I should've remembered to get my directions and my list of stuff to do.. A couple of other people would've made it better.
And if I got to have caravans going where I wasn't going COMPLETELY OUT OF MY MIND from stress, that would've been better too.

And playing "Go fish" as a drinking game was also a bad idea.

I dunno. We have a couple of things to laugh about now, and things we know not to do next time.

After I dropped off Carrie, I went straight to work. The drive home was not bad at all.
Note to self:
Whenever I'm driving to or from Norcross --
Take I-85.

This trip reaffirmed my hate of Mapquest.

It was an hour to get to the Marta station from my house and 35 minutes to get from the Marta station to my house...

Gah.

Eh, I dunno if I'll plan another meet up for a while.
We could've had some fun, a handful of things hindered that, but eh, whatever. ._.

Anywho...
Leslie asked me last night if I could start coming in earlier. That I do good work and that they likes me, they really likes me.
So, we'll see if that can happen. o _o;

January 5th, 2006, I would've been watching the kids almost every single weekday for 2 years.
That's shocking and, at the same time, explains a lot...

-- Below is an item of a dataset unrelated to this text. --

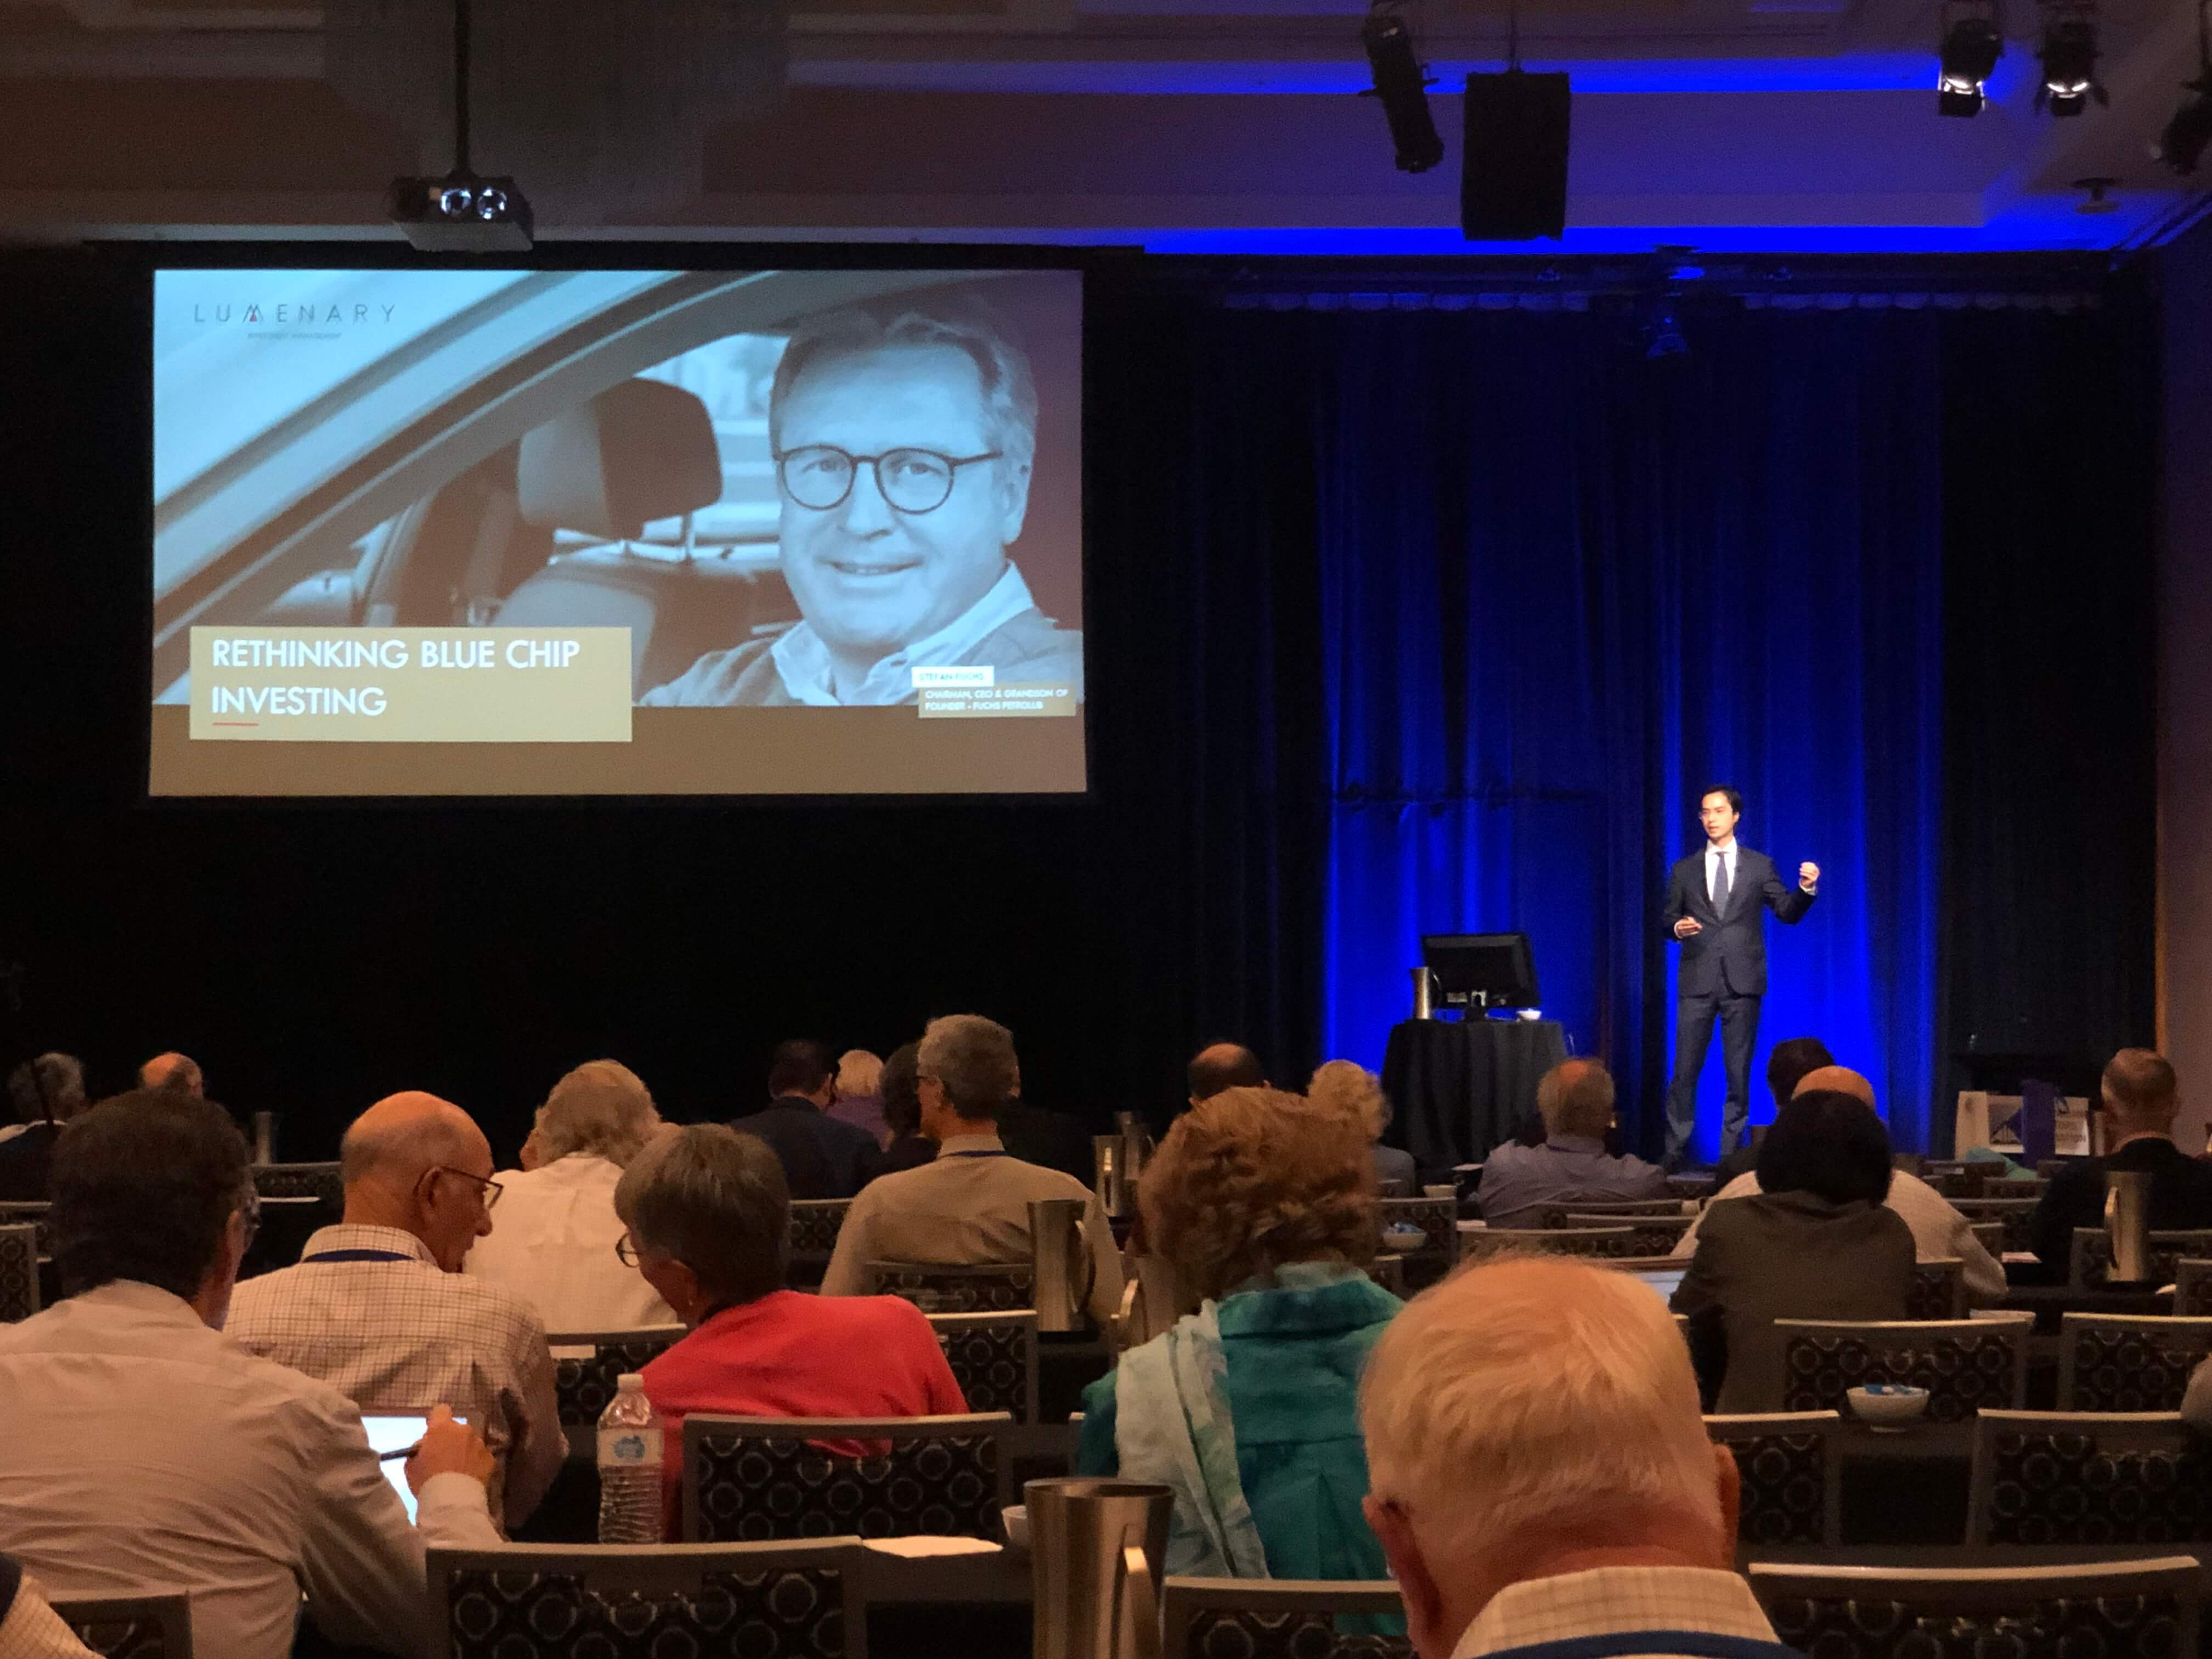 Rethinking Blue Chip Investing presentation cover

It's been almost two years since I've had total control over my schedule (with the exception of school).
It's been almost two years since I didn't have to change 4+ diapers everyday.
It's been almost a year since I've gotten paid for all that I do for family...

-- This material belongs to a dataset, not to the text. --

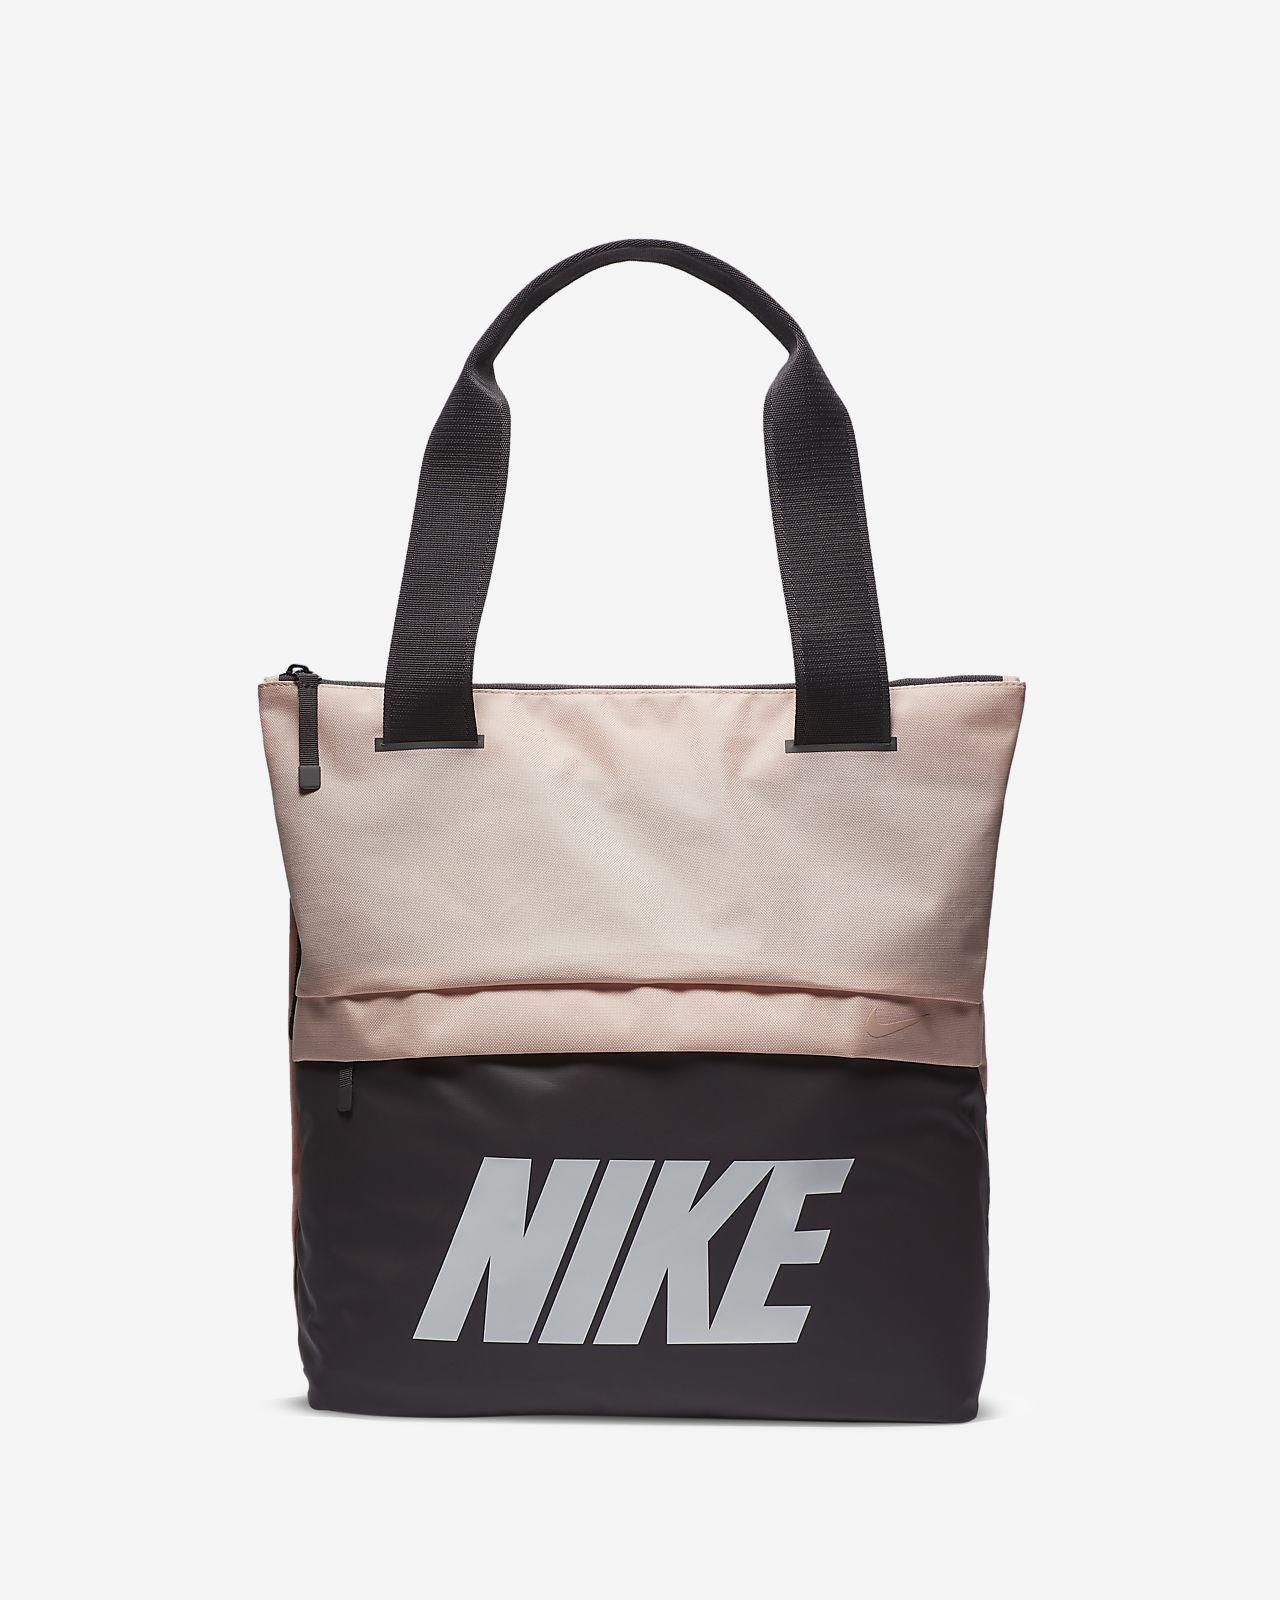 76e8e61d7 con Bolsa mano Radiate de de Mujer Nike estampado entrenamiento qZpAW

Kim and Chris are hopefully going to be moving and being able to afford daycare for all three kids during the day.
Which means, I can say to Leslie or Susan, "I can work whenever you need me."

And that would mean, me getting closer to my own car and my own apartment/living situation.

And I need to get out soon.

Mom and Dad are working on the paper work to get divorced.
December 21st, they'll have been married for 26 years.
They've been wanting a divorce, for the last 20, or more.
That's a bad percentage...
That 76% of the time that they've been married, my dad's both been actively and passively trying to get a divorce.
That 3 out of 4 kids were really big accidents.

It's sad.
Poor Daddy... ):

There's more of a personal push for me to get out now.
Dad's putting the house in mom's name, while he's been paying for it.
She's been completely dependant on dad, and that's part of the reason he's waited so long for this divorce --

Because she needs him.

But I don't think she'll be able to survive much without him, fianancially anyways.
Car payments are gonna be all her's (for her car, the Camry was paid off upfront), her car insurance is gonna be all her's, the bills and house payments for the house are all gonna be her's...

I need to get out, because I can see the iceburg coming, 9 miles off in the distance...
I need to get out, because after a while, I'm going to be harrassed to pay half of the payments and bills for her...
I need to get out, because she's going to get evicted eventually.

And since I turned 5, I've been helping out in anyway I could.
Cooking.
Cleaning.
Since I turned 16, spending what little money I had to help her out with her bills and food...

I'm going to suggest to mom that she try to find another house.
We don't need that big of a place if I'm going to be moving out and Stephanie's moving into a college dorm this summer. It'll just be Eric and Mom.
I know for a fact, they can get a two bedroom single-wide in a good neighborhood for about $400 a month, with a lot of utilities included...

I'm ready to live a life where I'm not paying for someone else's mistakes.
One where I'm not making my life bad because I'm bending over to help someone else who ******** up...

And before someone offer's, I'm not going to move in with someone else yet.
I want to be self reliant.
I want to have a lack of people.
I want to breathe.

I've lived with 6-10 people all of my life.
Do I really want a roommate? confused

EDIT:
A two-story, one bedroom apartment about 11 miles from where I live:
$415
With gas, electric and water and basic phone included. B:






User Comments: [1] [add]
Branwen Silverwolf
Community Member
avatar
commentCommented on: Thu Nov 03, 2005 @ 05:44pm
I'm sorry I had to leave early. sad I had a good time seeing you, again, though.

I had to move in with someone else, I can't live alone.